### [Provided data]
○ ○ ○ ○

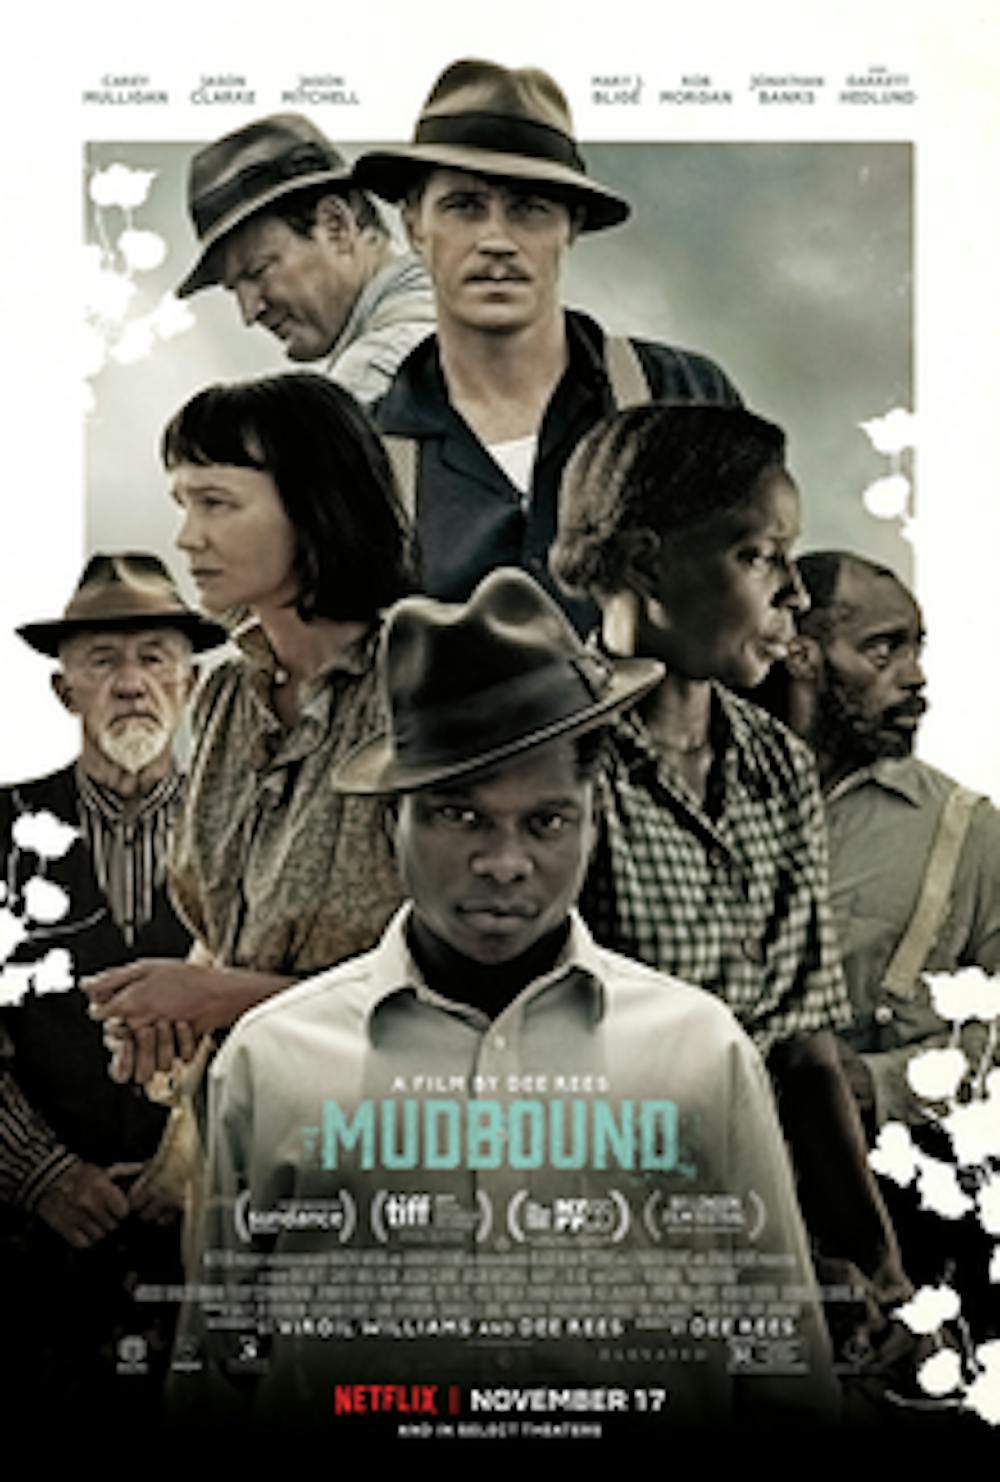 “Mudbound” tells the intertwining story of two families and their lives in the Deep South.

○ ○ ○ ○

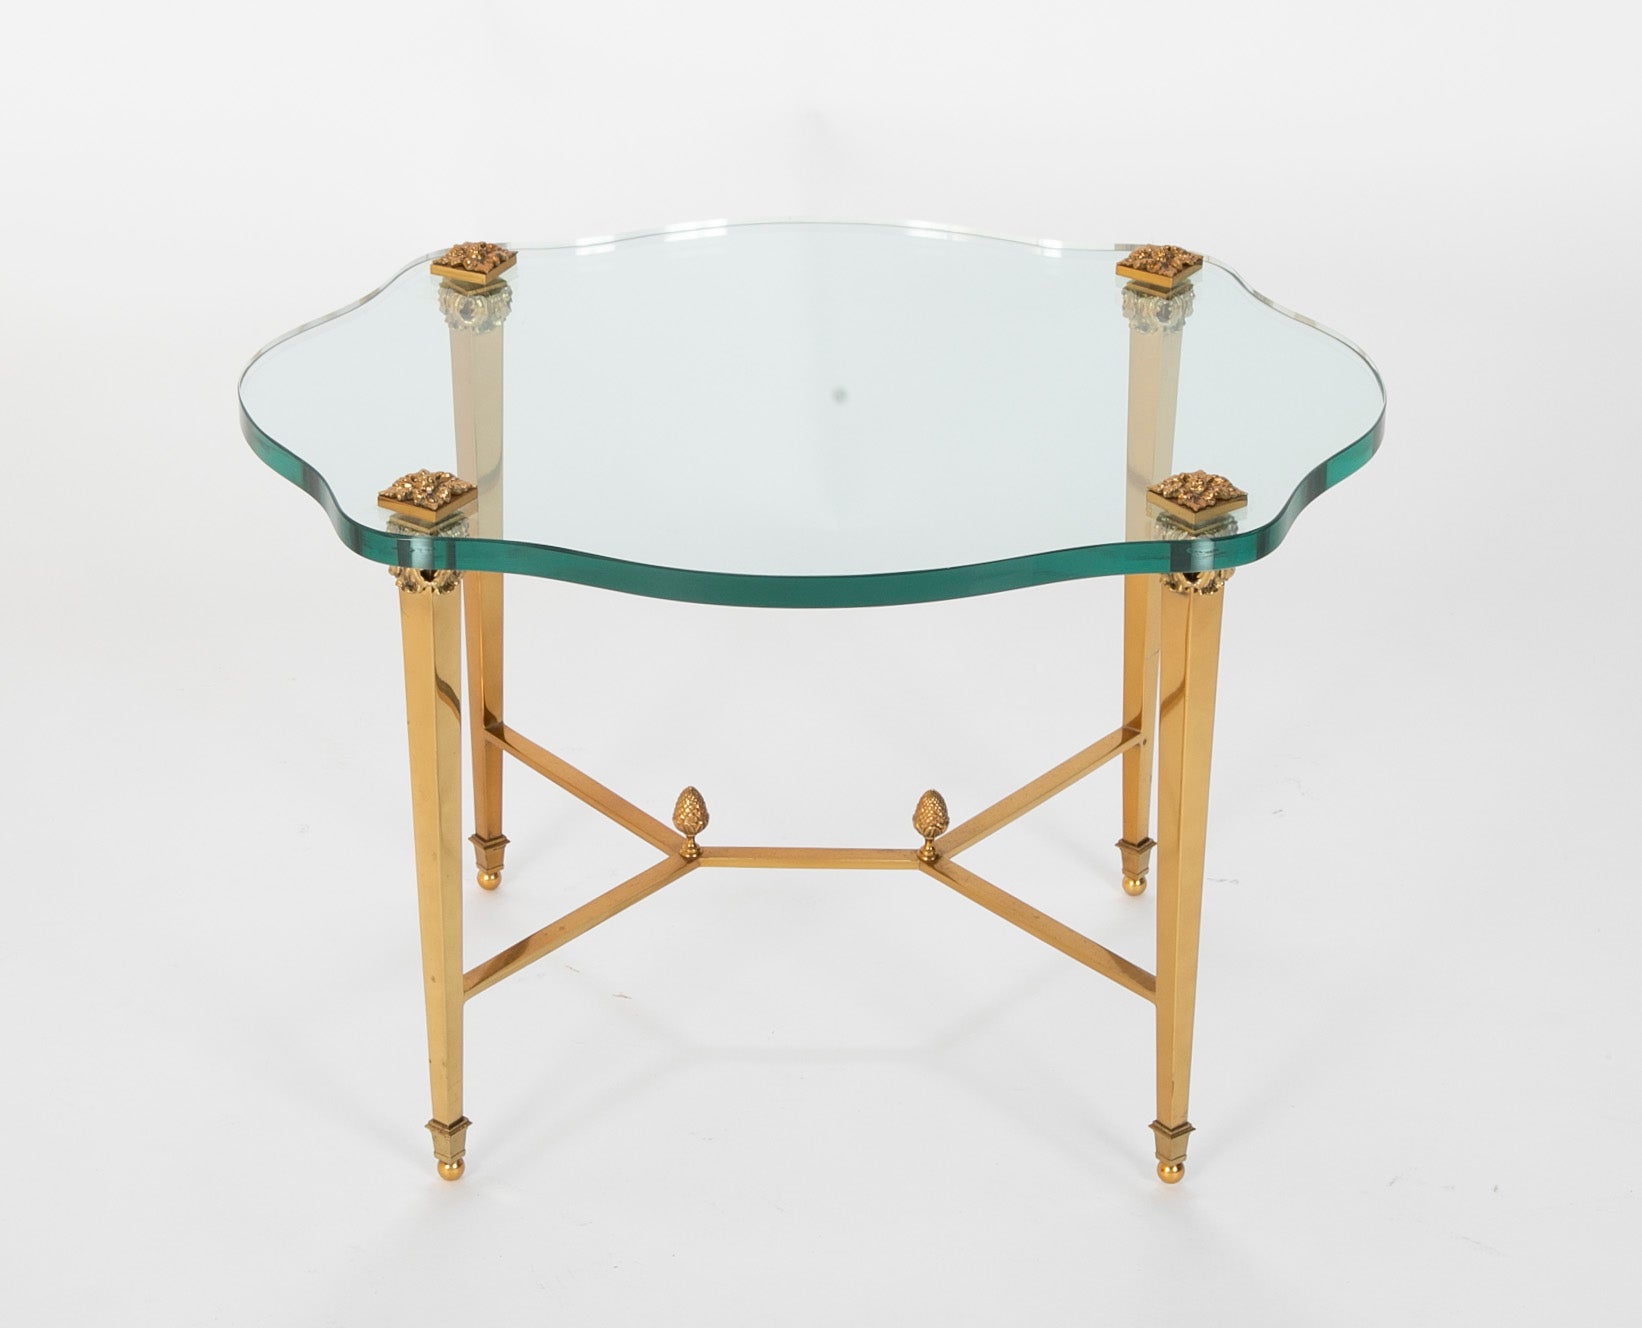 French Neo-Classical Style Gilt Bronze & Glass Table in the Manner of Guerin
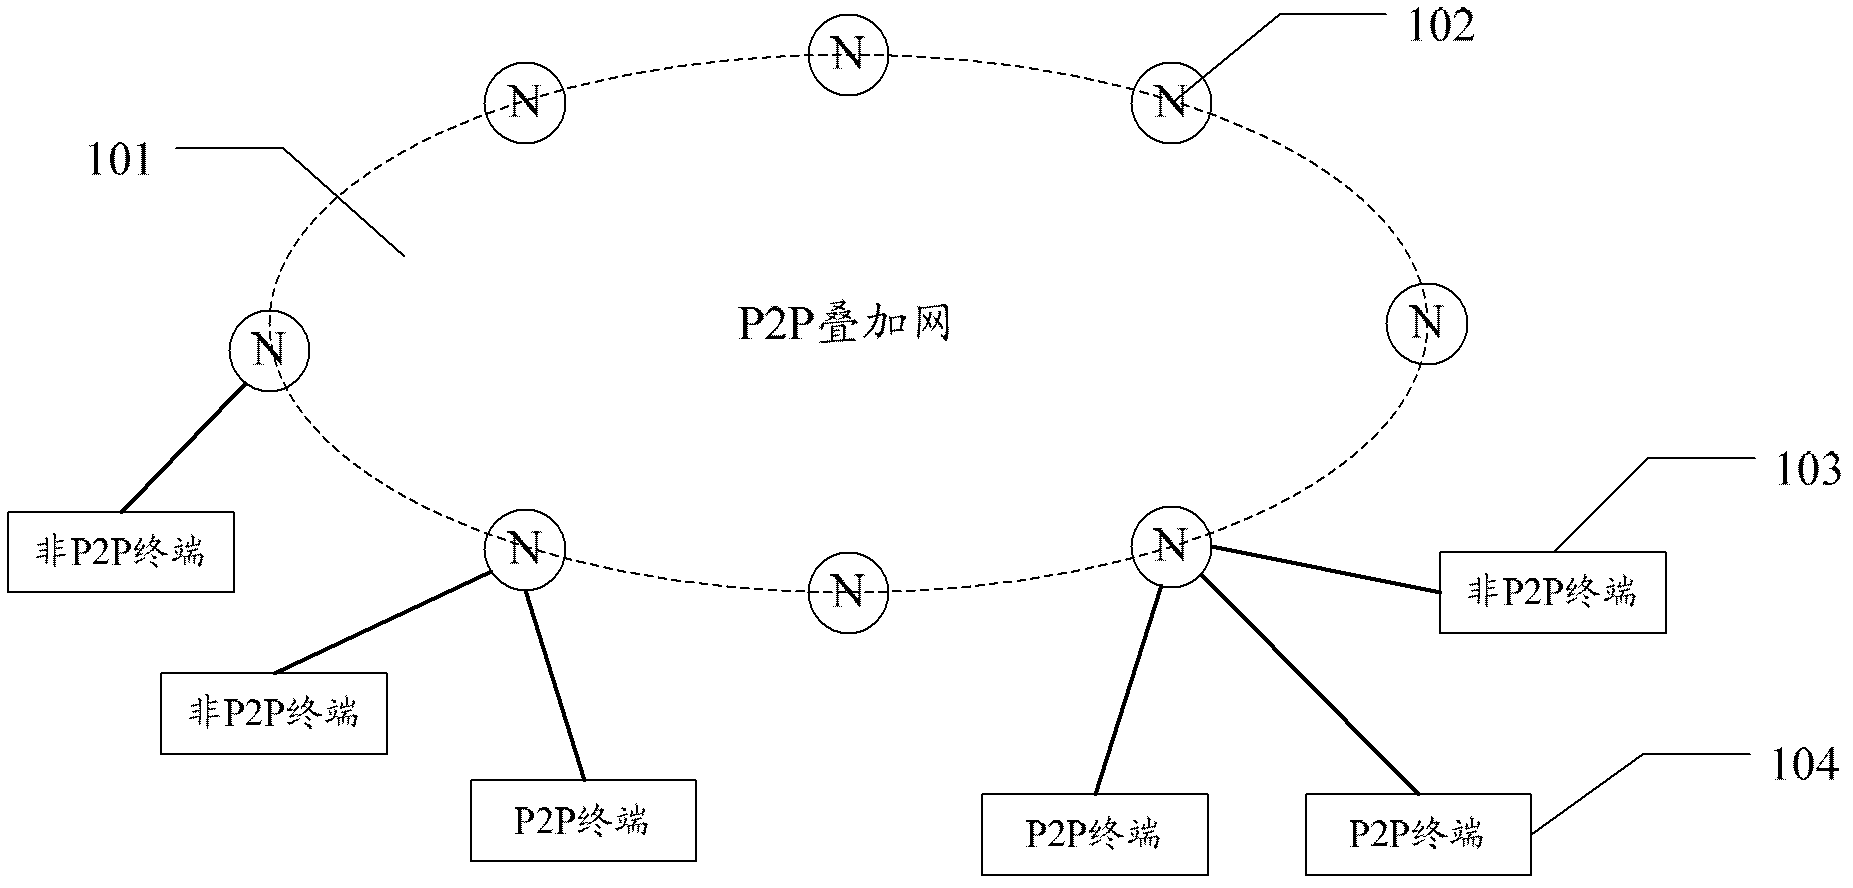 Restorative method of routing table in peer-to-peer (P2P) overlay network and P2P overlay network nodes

○ ○ ○ ○

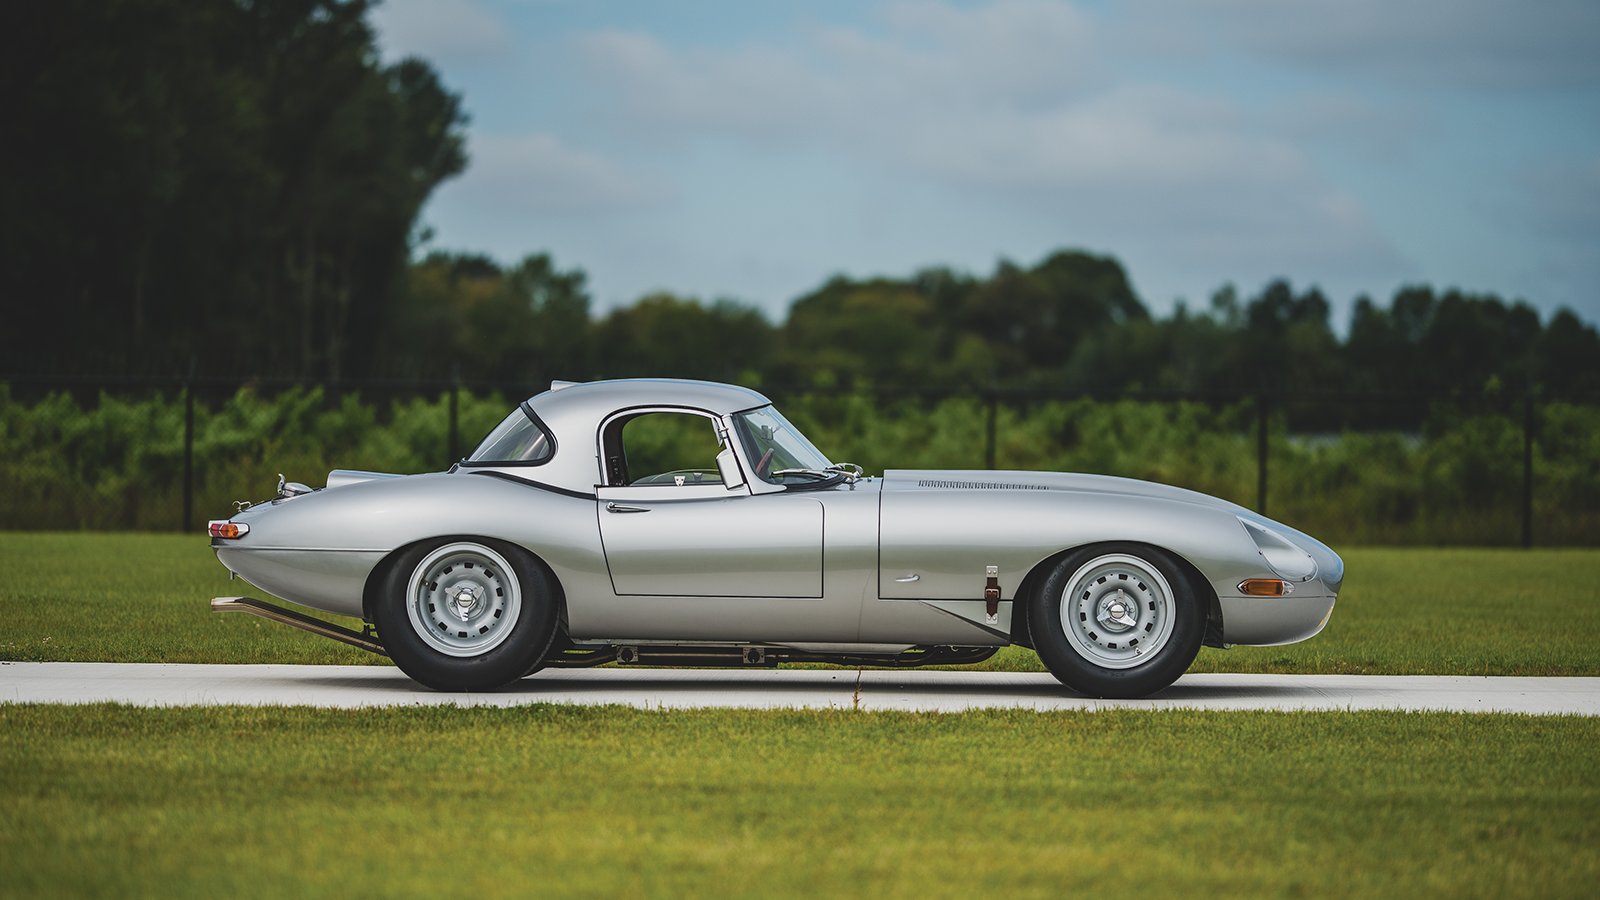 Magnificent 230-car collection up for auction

○ ○ ○ ○

### [What to produce]
Within the listing above, write out the stretch from the line with "French Neo-Classical Style" through the line with "Restorative method of" exactly. Any pictures are to be left out.

### [Answer to this task]
 French Neo-Classical Style Gilt Bronze & Glass Table in the Manner of Guerin
 Restorative method of routing table in peer-to-peer (P2P) overlay network and P2P overlay network nodes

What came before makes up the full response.